If you are serious about building agentic AI systems that handle real-world complexity, this is the framework to learn. Simple chains break the moment your AI workflow needs to branch, loop, or involve a human. LangGraph handles all of that with clear, explicit primitives that make your agent behaviour visible and debuggable at every step.

Start with the state schema. Add a few nodes. Connect them with edges. Compile and run. That is all it takes to get your first LangGraph AI workflow running today. From there, your AI workflows can grow as complex as your use case demands. From there, you can grow into checkpointing, human-in-the-loop, and multi-agent systems as your use case demands.

FAQs

1. What is LangGraph used for?

LangGraph is used to build stateful agentic AI systems and complex AI workflows that involve branching logic, loops, retries, human approvals, and multi-agent coordination. It is the right choice whenever a simple linear LangChain chain is not enough for your use case.

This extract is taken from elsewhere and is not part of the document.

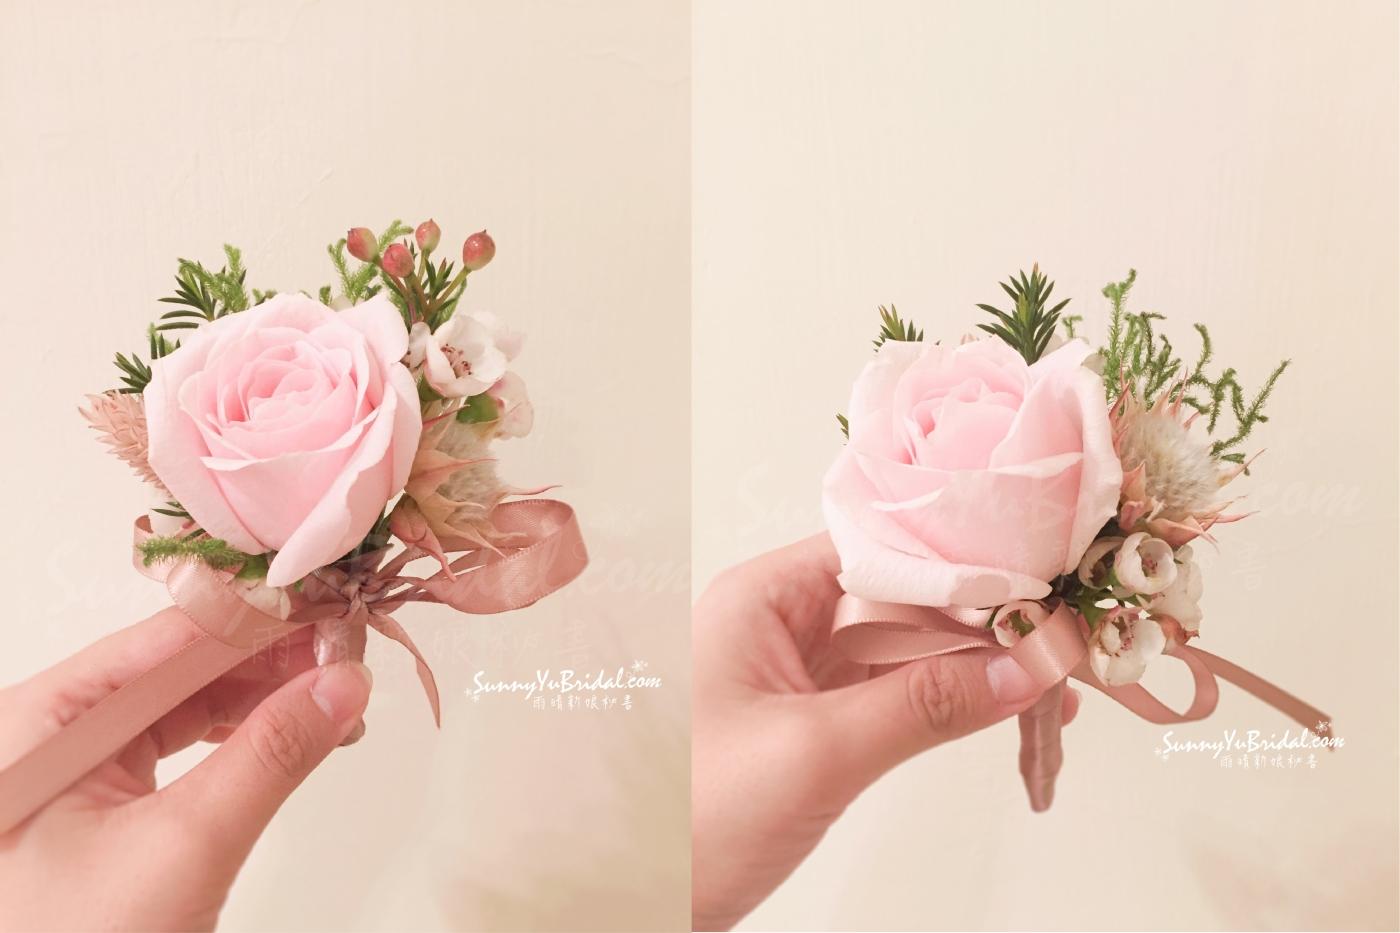 新娘捧花|客製圓形捧花|柔和色系捧花|胸花|主婚人胸花|新郎胸花|台北新娘秘書推薦|雨晴新娘秘書|雨晴手作
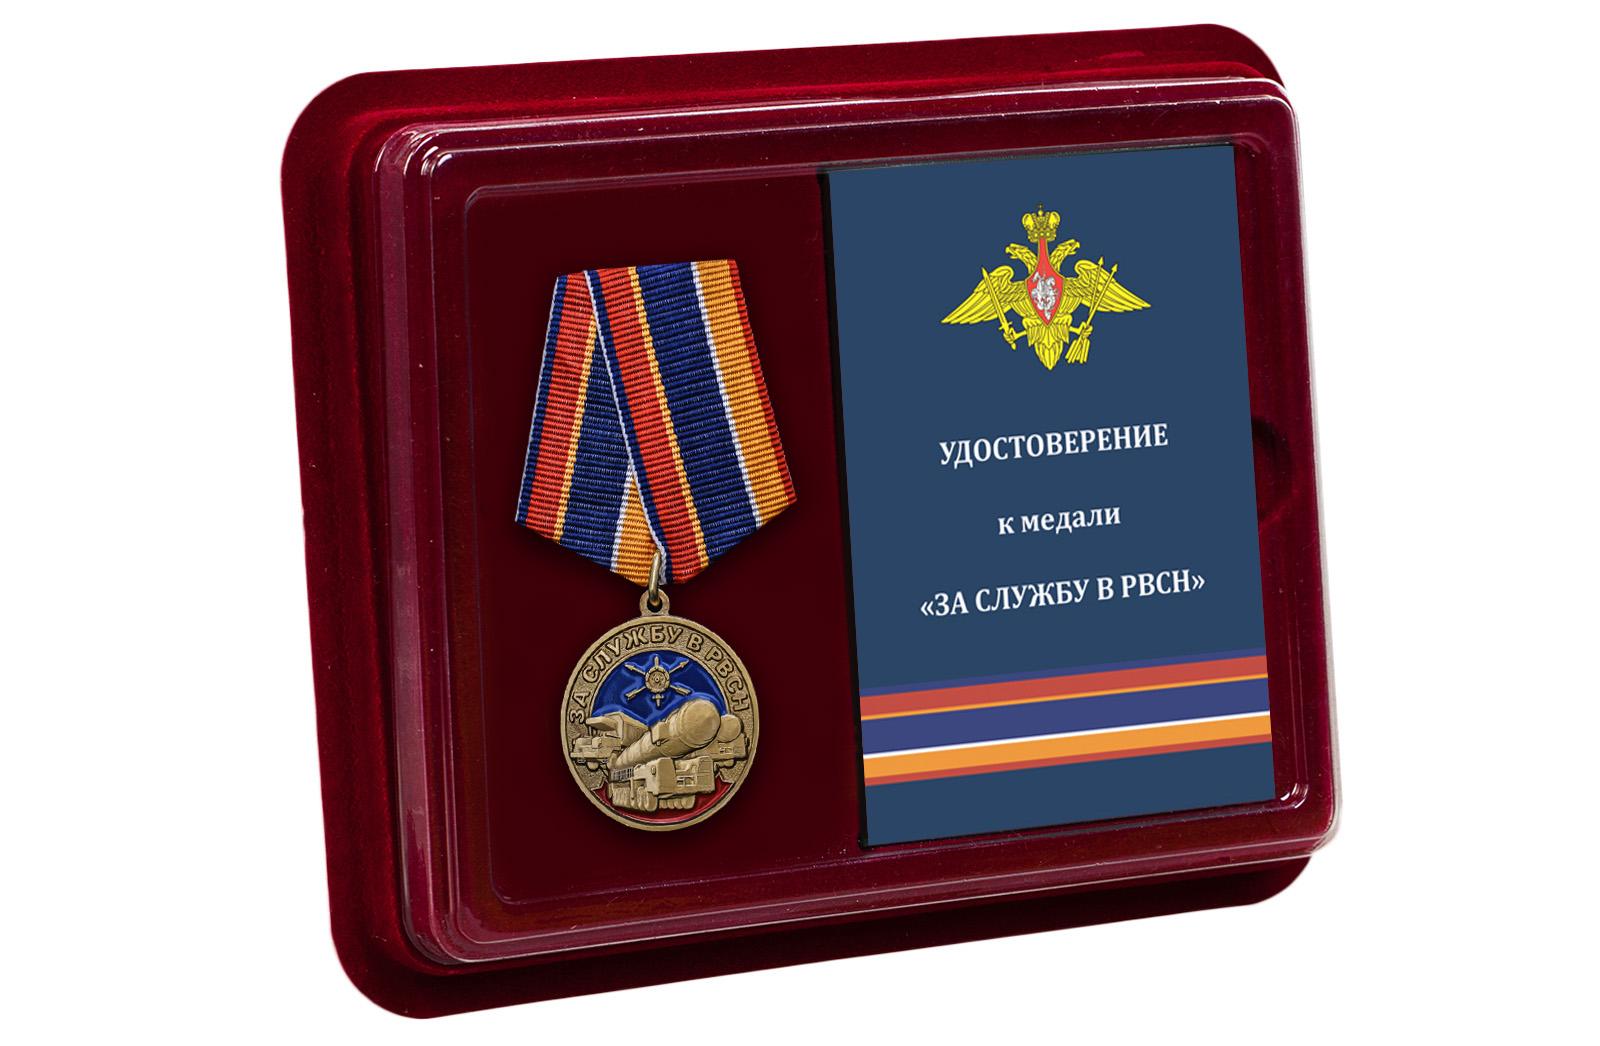 Купить медаль За службу в РВСН по выгодной цене

2. Do I need to know LangChain to use LangGraph? 

Not strictly. LangGraph can be used independently. However, since it is built on top of LangChain and shares the LangChain ecosystem, knowing LangChain basics makes LangGraph easier to learn. LangChain provides integrations with hundreds of model providers, vector databases, and tools that plug directly into your LangGraph AI workflows. LangChain and LangGraph together form a complete stack for building production AI systems.

3. Is LangGraph free? 

Yes. LangGraph is an MIT-licensed open-source library and is completely free to use. LangSmith, the observability and tracing platform that pairs well with LangGraph, has a free tier for individual developers and paid tiers for teams.

4. What is a StateGraph in LangGraph?

StateGraph is the core class in LangGraph for building AI workflows. You initialise it with your state schema, add nodes and edges to it, and then compile it into a runnable application. The StateGraph class is the starting point of every LangGraph workflow.

5. How is LangGraph different from CrewAI or AutoGen?

LangGraph gives you lower-level control than CrewAI or AutoGen. It is more verbose to set up but gives you complete visibility into every decision point in your workflow. CrewAI uses a role-based agent model that is easier to start with. AutoGen models agents as conversation participants. LangGraph is the best choice for agentic AI systems where compliance, auditability, and precise control over agent behaviour are requirements.